Question

Calculate the vapour pressure lowering

caused by the addition of 68.4 g of

sucrose(molecular weight=342g) to 500 g

of water if the vapour pressure of pure

water at 25⁰c is 20.0 mm of hg​

Answer 1

We have to find the vapor pressure lowering caused by the addition of 68.4 g of sucrose (Mol wt 342g) to 500g of water if the vapor pressure of pure water at 25°C is 20 mm Hg.

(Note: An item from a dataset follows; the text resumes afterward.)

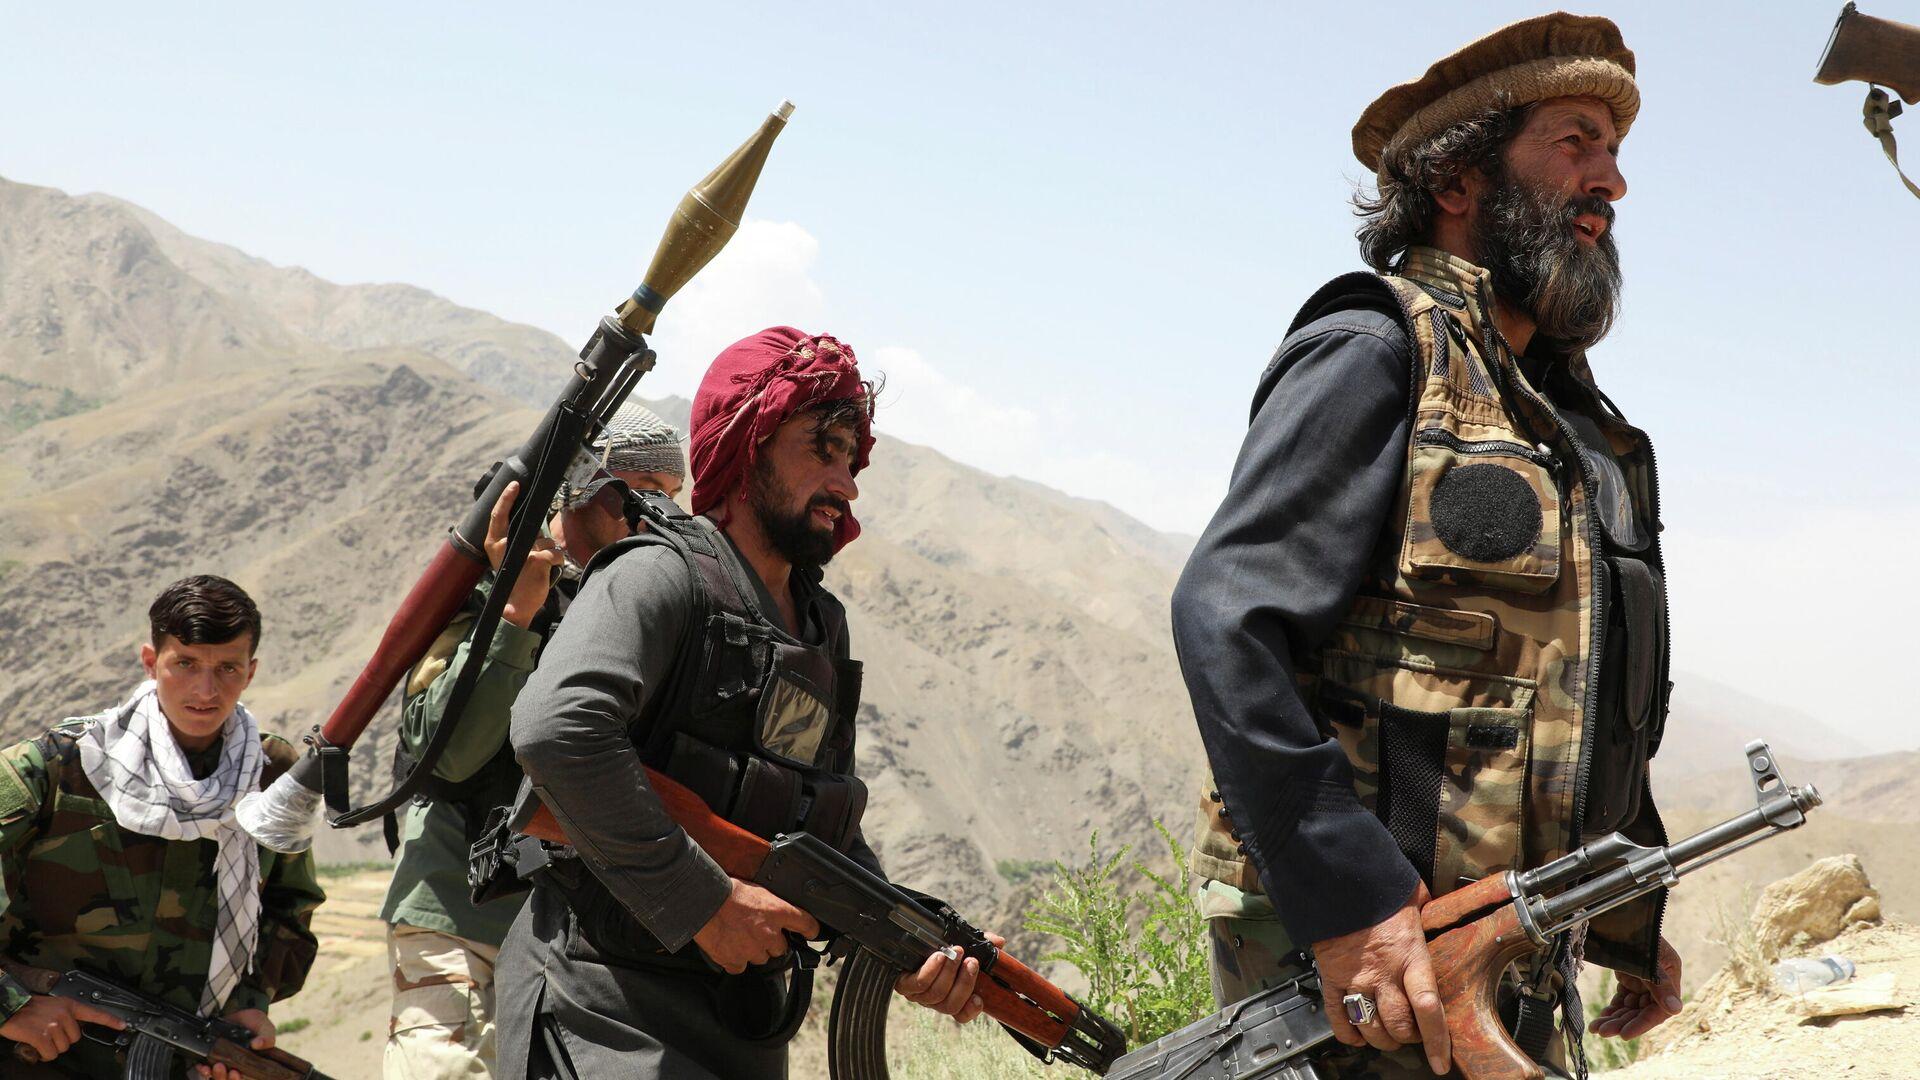 Hombres armados que están en contra de los talibanes caminan por el territorio de su puesto de control en el distrito de Ghorband, provincia de Parwan, Afganistán, el 29 de junio de 2021.  - Sputnik Mundo, 1920, 06.08.2021

solution : initial vapor pressure ( vapor pressure of pure water) , P₀ = 20 mm

mass of sucrose = 68.4 g

molar mass of sucrose = 342 g/mol

so no of moles of sucrose , n₁ = 68.4/342 = 0.2 mol

mass of water = 500g

molar mass of water = 18g/mol

so no of moles of water , n₂ = 500/18 = 27.78 mol

now using concept,

lowering of vapor pressure = ∆P/P₀ = mole fraction of solute

⇒∆P/P₀ = n₁/(n₁ + n₂)

⇒∆P/20 = 0.2/(27.78 + 0.2) = 0.2/27.98

⇒∆P = 20 × 0.2/27.98 = 0.143 mm Hg

Therefore the vapor pressure lowering caused by addition of sucrose is 0.143 mm Hg of solution.